Spherical symmetry implies invariance under any rotation around the center of the potential. By Noether’s theorem this implies the existence of a conserved quantity. This quantity is the angular momentum vector

$$\vec{L} = \vec{r}\times \dot{\vec{r}}\,,$$

the cross product of the position vector and the velocity vector. That the angular momentum vector is conserved is most easily demonstrated simply by taking its derivative

\begin{align} \dot{\vec{L}} & = \frac{\mathrm{d}}{\mathrm{d} t}\left(\vec{r}\times\dot{\vec{r}}\right)\nonumber\\ & = \dot{\vec{r}}\times\dot{\vec{r}} + \vec{r}\times\ddot{\vec{r}}\\ & = g_r(r)\,r\,\,\hat{\vec{r}}\times\hat{\vec{r}} = 0\nonumber\,, \end{align}

where the first term in the second line is zero because the cross product of any vector with itself is zero. The third line uses Equation $$\eqref{eq-eom-spher}$$ and $$\vec{r} = r\,\hat{\vec{r}}$$; the cross product in the third line is therefore again that of a vector with itself. That the angular momentum vector is conserved implies that the orbit is constrained to a single plane and we therefore only have to consider the motion in this plane. The magnitude of the angular momentum is $$L$$. Using polar coordinates $$(r,\psi)$$ in this plane, the relevant equations of motion in this plane are

\begin{align}\label{eq-eom-spher-r} \ddot{r} = \frac{L^2}{r^3} + & g_r(r) = \frac{L^2}{r^3} - \frac{\mathrm{d} \Phi(r)}{\mathrm{d} r}\,\\ \dot{\psi} & = \frac{L}{r^2}\,.\label{eq-eom-spher-angle} \end{align}

The energy $$E$$ (see Equation [$$\ref{eq-energy}$$]) of an orbit in a spherical potential is given by

\begin{align} E & = \frac{\dot{r}^2}{2} + \frac{r^2\,\dot{\psi}^2}{2} + \Phi(r)\nonumber\\ & = \frac{\dot{r}^2}{2} + \frac{L^2}{2\,r^2} + \Phi(r)\,\label{eq-energy-spherpot} \end{align}

where we have replaced $$\dot{\psi}$$ with $$L$$ using Equation $$\eqref{eq-eom-spher-angle}$$. As shown in Equation $$\eqref{eq-energy-conserved}$$, this energy is conserved if the potential $$\Phi(r)$$ does not explicitly depend on time. The equation of motion for $$r$$ in Equation $$\eqref{eq-eom-spher-r}$$ can be re-written in terms of an effective potential $$\Phi_\mathrm{eff}(r)$$ given by

$$\Phi_\mathrm{eff}(r) = \Phi(r) + \frac{L^2}{2\,r^2}\,,$$

and the energy from Equation $$\eqref{eq-energy-spherpot}$$ is then simply

$$E = \frac{\dot{r}^2}{2} + \Phi_\mathrm{eff}(r)\,.$$

The energy can therefore be thought of as a radial energy.

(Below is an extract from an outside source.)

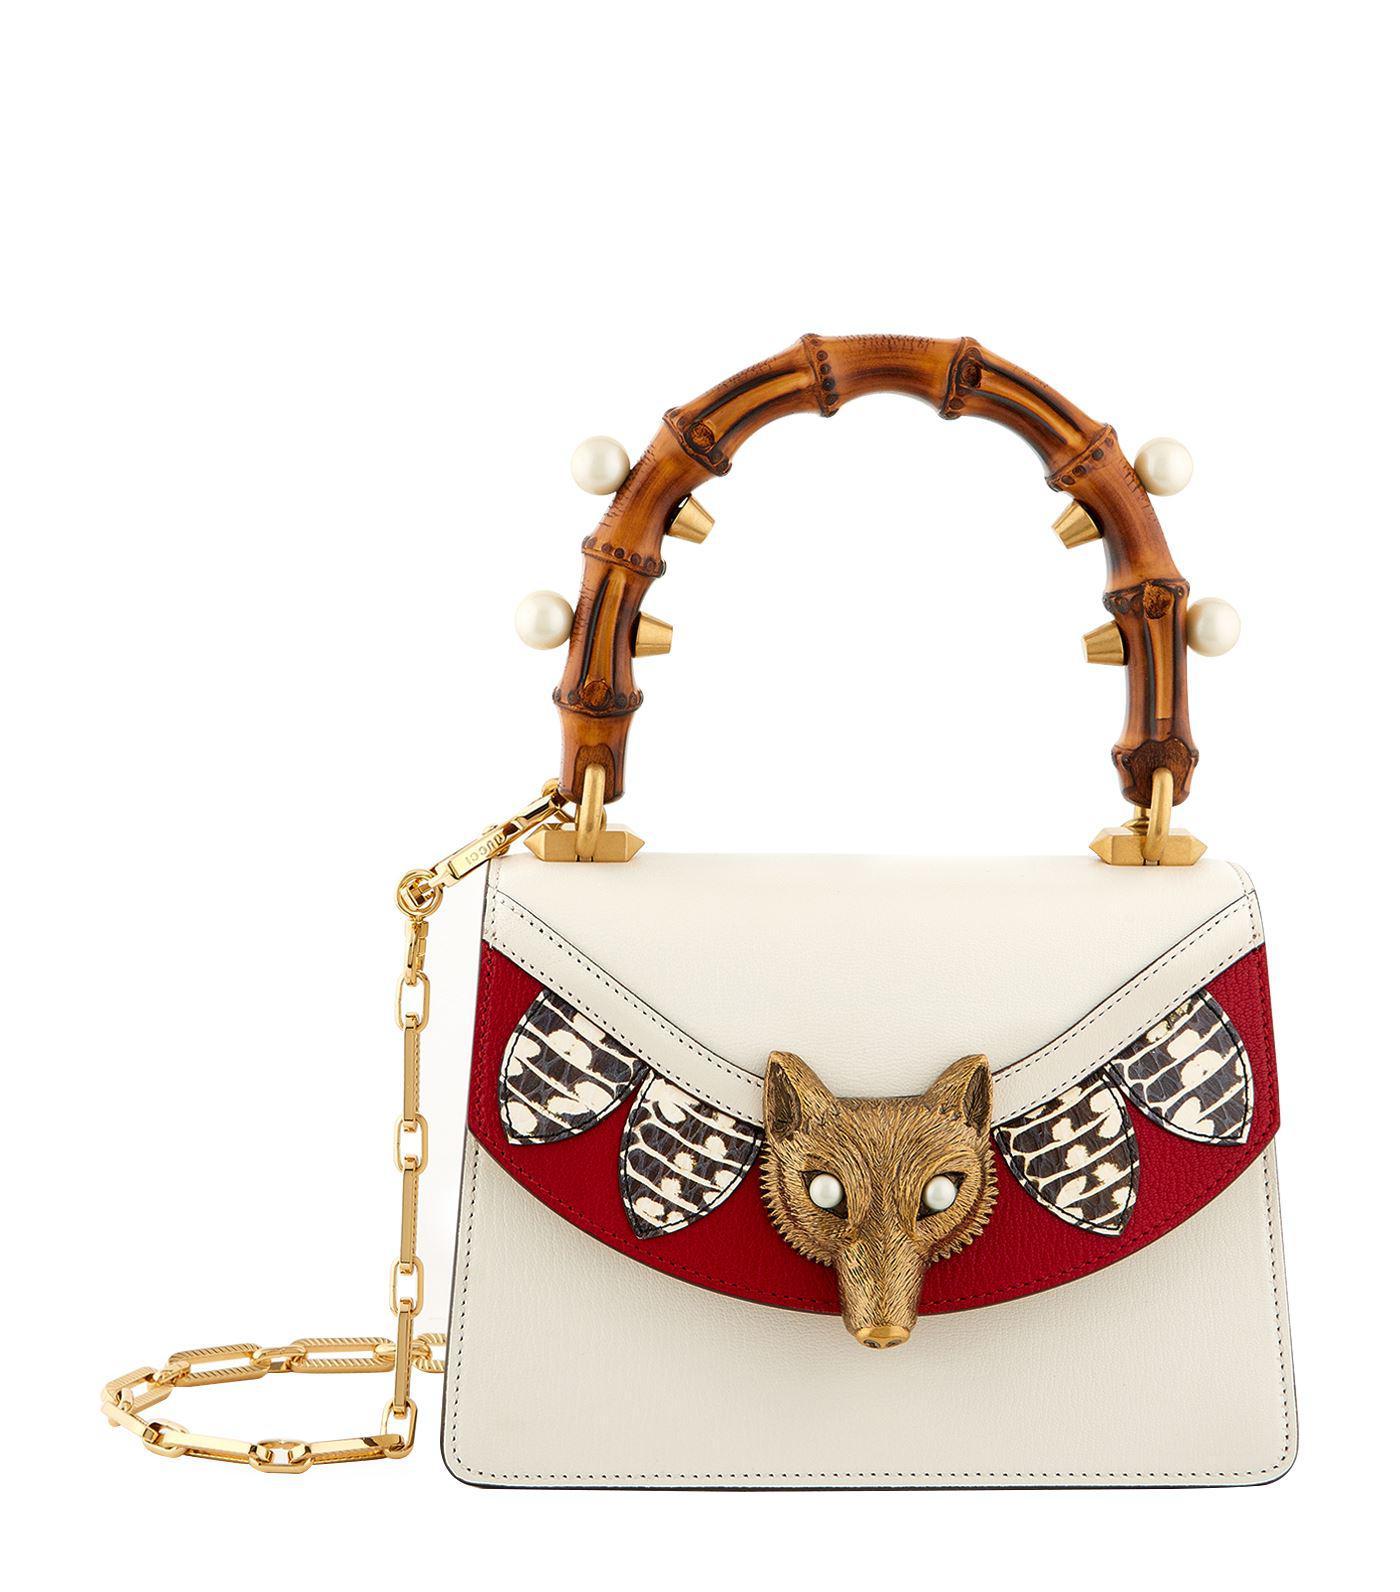 807bab6e021e Gucci Mini Broche Fox Top Handle Bag in White - Lyst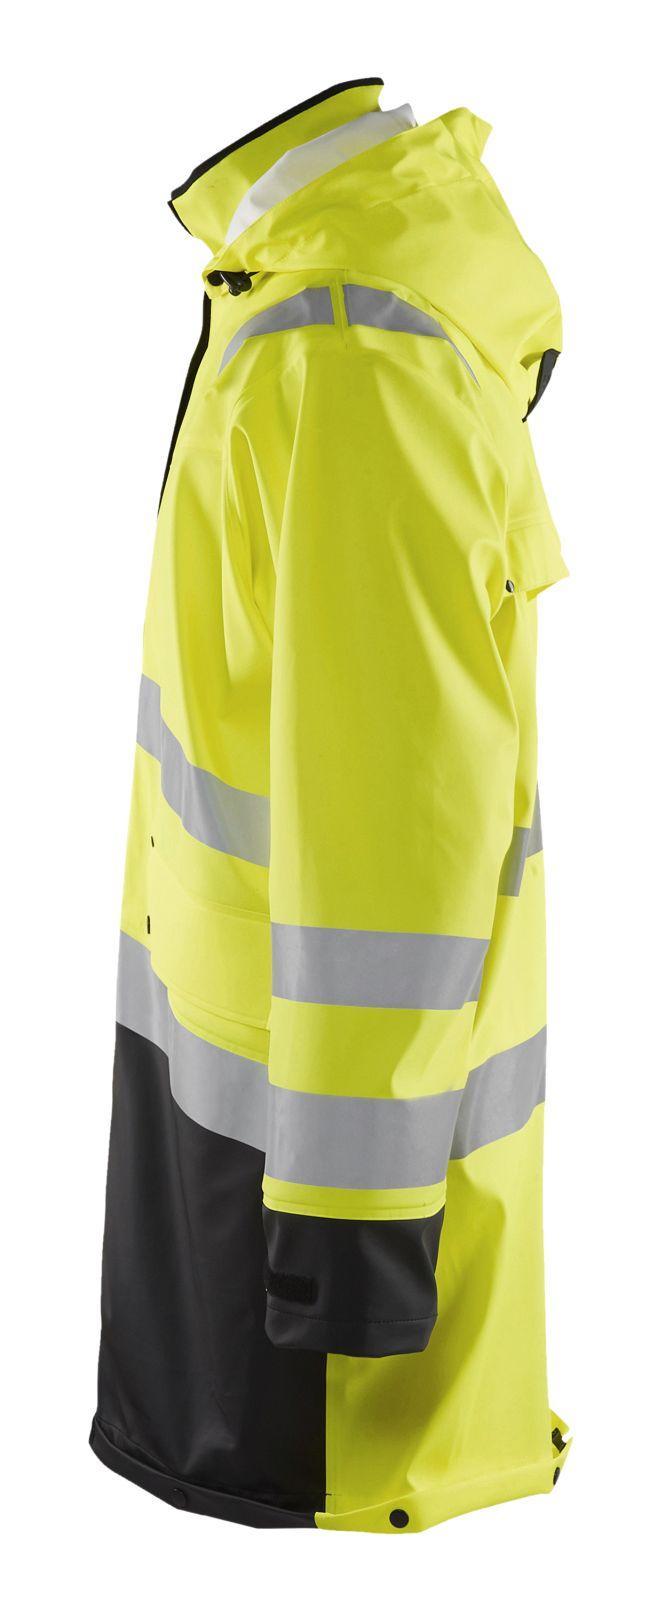 Blaklader Regenjassen 43062003 High Vis geel-zwart(3399)

The energy and angular momentum work together to restrict the part of physical space that an orbit can occupy. Because for typical smooth galactic potentials $$\Phi(r)$$ increases with increasing $$r$$, energy conservation restricts orbits with energy $$E$$ to those $$r$$ with $$\Phi(r) \leq E$$, which restricts bound orbits to $$r \leq r_{\mathrm{max}}(E)$$ for which $$\Phi(r_\mathrm{max}) \leq E$$, but allows orbits to reach $$r=0$$; unbound orbits have $$E > \Phi(\infty)$$ and therefore have no $$r_{\mathrm{max}}(E)$$. The conservation of angular momentum in a spherical potential changes this restriction to $$\Phi_\mathrm{eff}(r) \leq E$$. Like the potential itself, the effective potential decreases with decreasing $$r$$ at large $$r$$, but increases with decreasing $$r$$ at small $$r$$, because of the $$L^2/[2r^2]$$ term, called the angular momentum barrier. Any spherical potential corresponding to a spherical density at most decreases as fast as the Kepler potential, $$\Phi(r) \propto 1/r$$. Therefore, the increase in $$\Phi_\mathrm{eff}(r)$$ at small $$r$$ from the angular-momentum barrier $$L^2/[2r^2]$$ always becomes larger than the decrease from $$\Phi(r)$$ at small enough $$r$$ and the $$L^2/[2r^2]$$ term grows without bounds as $$r\rightarrow 0$$. Therefore, for bound orbits, the equation $$\Phi_\mathrm{eff}(r) = E$$ has two solutions, one at small $$r$$ and one at large $$r$$. Unbound orbits have no maximum $$r$$, but as long as they have non-zero angular momentum, they do have a minimum $$r$$.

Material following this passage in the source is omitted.